Writing in spite of the daily

Jan 20, 2013

It’s 4:30 am. It’s quiet enough for me to be able to hear the low gurgle of the refrigerator punctuated by the intermittent swishing sound of the heater as it’s coming on intermittently. The river is dark outside and the lights on the banks of the river are glowing like diamonds because it’s going to be a clear day.

The everyday sounds of the day in full blast are still mute. I can get in touch with a part of myself that turns my thoughts into writing.

Soon the business of the day will penetrate into my consciousness when I’ll have to become a functional human being. And within all that noise, I know I’ll be able to add, subtract, redo, edit, rephrase a lot of what I have already written. But to get to the core of that idea, I need silence and a part of myself that’s inaccessible to the everyday.

The older you grow, the more you realize how much of a privilege writing is. And how you need to be privileged to be able to write at all. Or a superhuman multi-tasker.

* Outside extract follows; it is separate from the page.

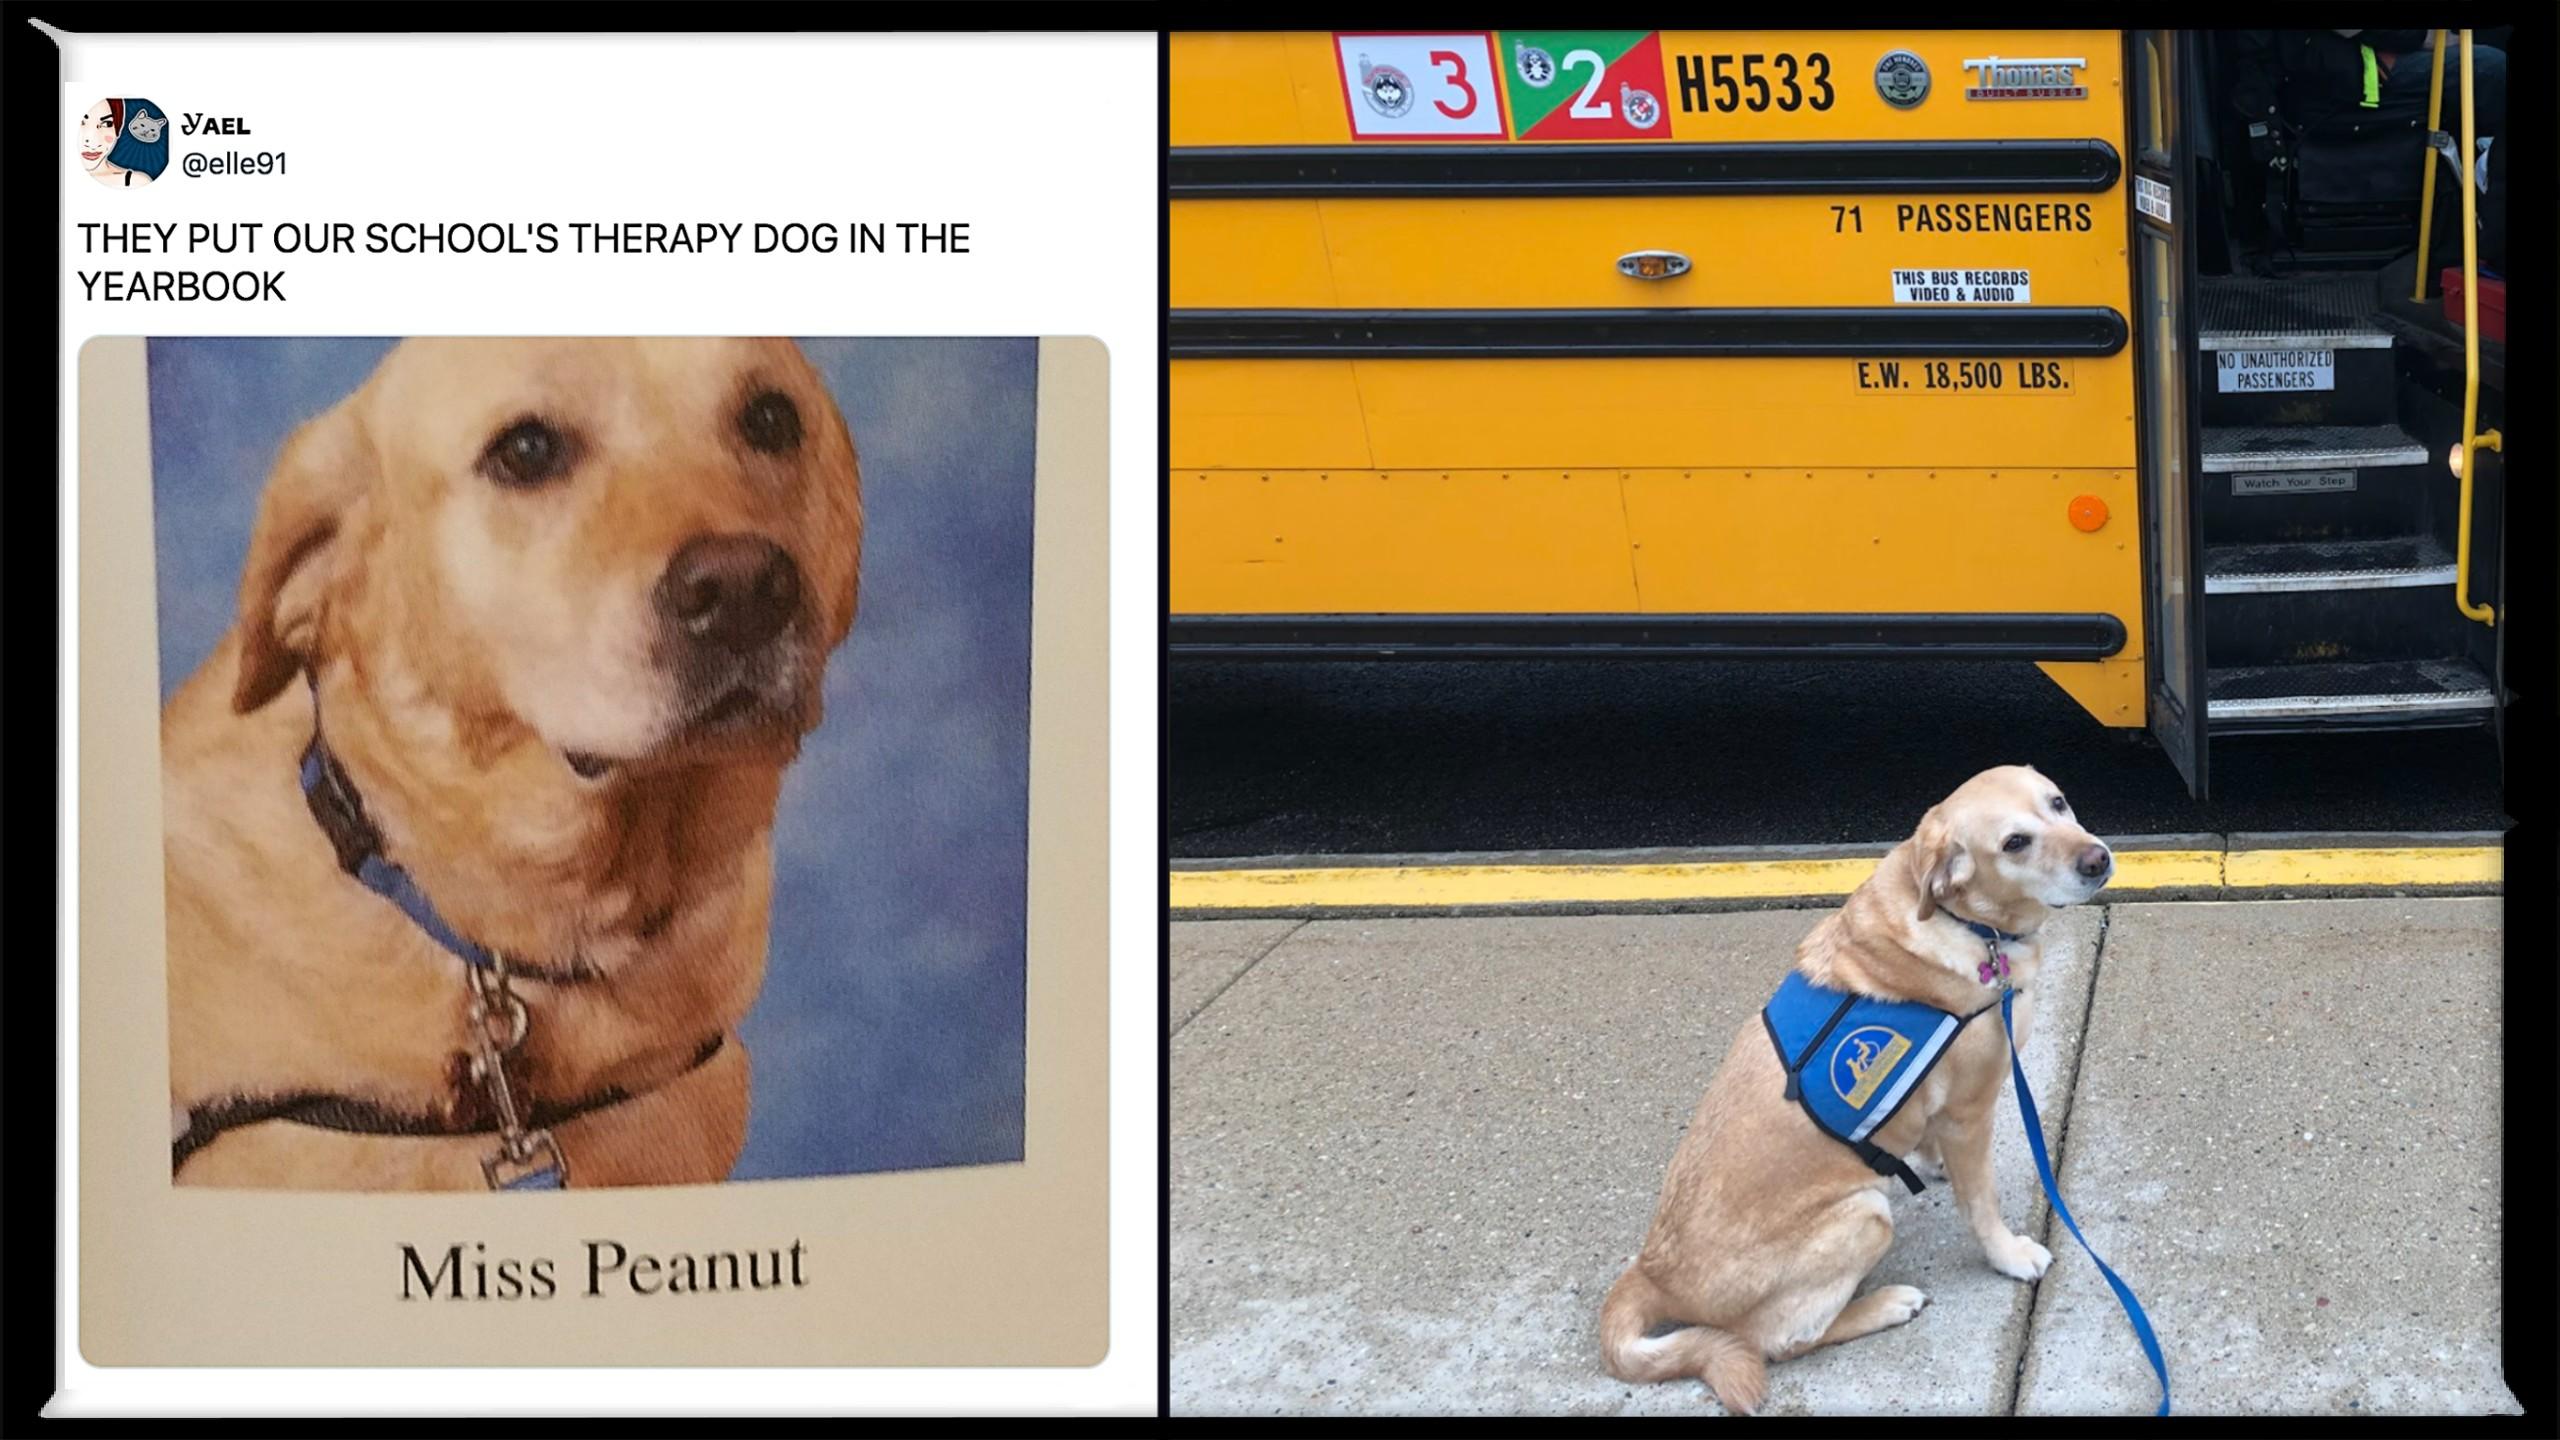 Facility dogs like Peanut make school a whole lot more fun
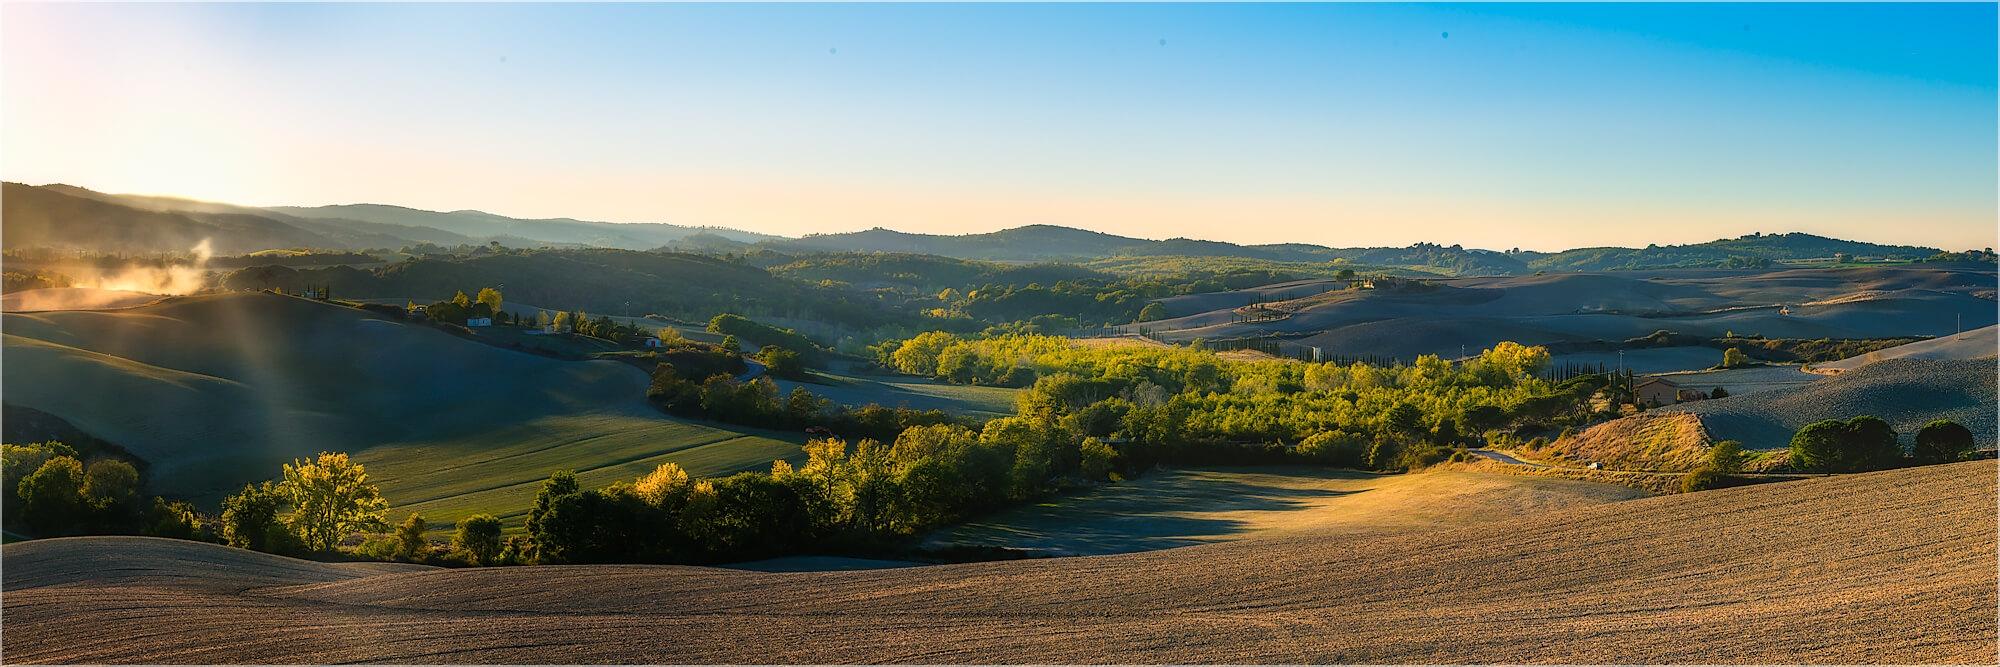 Panoramabild Landschaft der Toskana Italien

All deep thinking is a product of mental seclusion and seclusion is usually a product of isolation or solitude and long periods of solitude is a matter of privilege.

So most of us write in spite of work, not because it is work. And yet, writing is gruelling work.

Writing brings very few material rewards. And the few material rewards it might bring to the successful are not immediate. Much like many of the poorest countries of the world, writing has no big middle class. The super-successful stand as examples that it can be done but they are very few and far between. Then the rest are struggling writers.

If you’re making a  living through writing (I mean the creative kind, not the more “useful” varieties of writing where writing is the medium to achieve something else, not the end-goal) it means you are super-successful because no one else is.

And yet, creative writing is very hard work. One of the most difficult. The more abstract it is , the more gruelling and the less “work” it seems within the noise of the real world, the more distant it is from  material rewards and non-material rewards (prestige, respect, sense of fulfilment) and the less it can justify its existence.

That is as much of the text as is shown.